Revenue Cycle Benchmarks by Medical Specialty
Specialty-specific revenue cycle benchmarks drawn from MGMA Physician Practice benchmark reports, HFMA performance data, and CMS specialty-level administrative statistics. Denial rates, days in accounts receivable, net collection rates, and cost-to-collect figures vary significantly by specialty due to differences in payer mix, prior authorization burden, documentation complexity, and claim volume.
Primary care: denial rate 4–7%, days in AR 25–32, net collection rate 96–98%. Cardiology: denial rate 6–10%, days in AR 32–42, prior authorization required for stress testing, echocardiography, and cardiac catheterization across most commercial payers. Orthopedic surgery: denial rate 8–13%, days in AR 38–52, high prior auth burden for joint replacement, spine surgery, and arthroscopy. Oncology: denial rate 10–15%, days in AR 40–55, frequent medical necessity and drug coverage denials.
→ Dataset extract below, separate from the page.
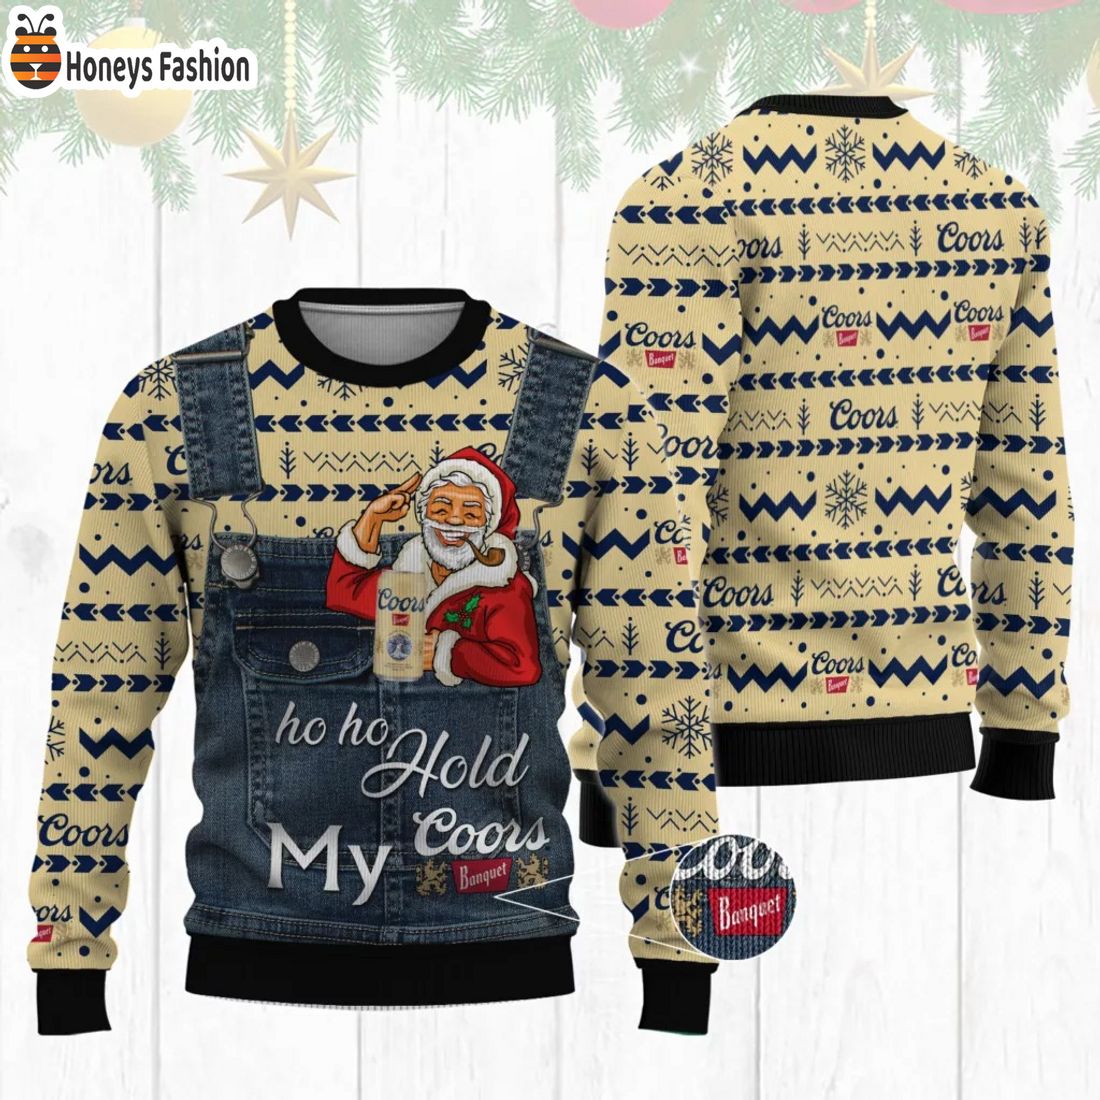 Santa Hold My Coors Banquet Ugly Christmas Sweater

Behavioral health and psychiatry: denial rate 12–18% — the highest of any specialty — driven by medical necessity criteria variability, parity compliance failures, and lack of standardized coding benchmarks. Emergency medicine: denial rate 8–12%, driven by out-of-network billing complexity and high volume of uninsured patients. Radiology: denial rate 9–14%, driven by prior authorization for advanced imaging (MRI, CT, PET). Dermatology: denial rate 5–9%. Gastroenterology: denial rate 7–11%, high prior auth for advanced endoscopy. Neurology: denial rate 8–13%.
Obstetrics and gynecology: denial rate 5–9%, with elevated coordination-of-benefits denial rates for maternity episodes. Physical therapy: denial rate 10–15%, high frequency of medical necessity denials and visit-limit denials from Medicare Advantage and commercial plans. Urology: denial rate 7–11%.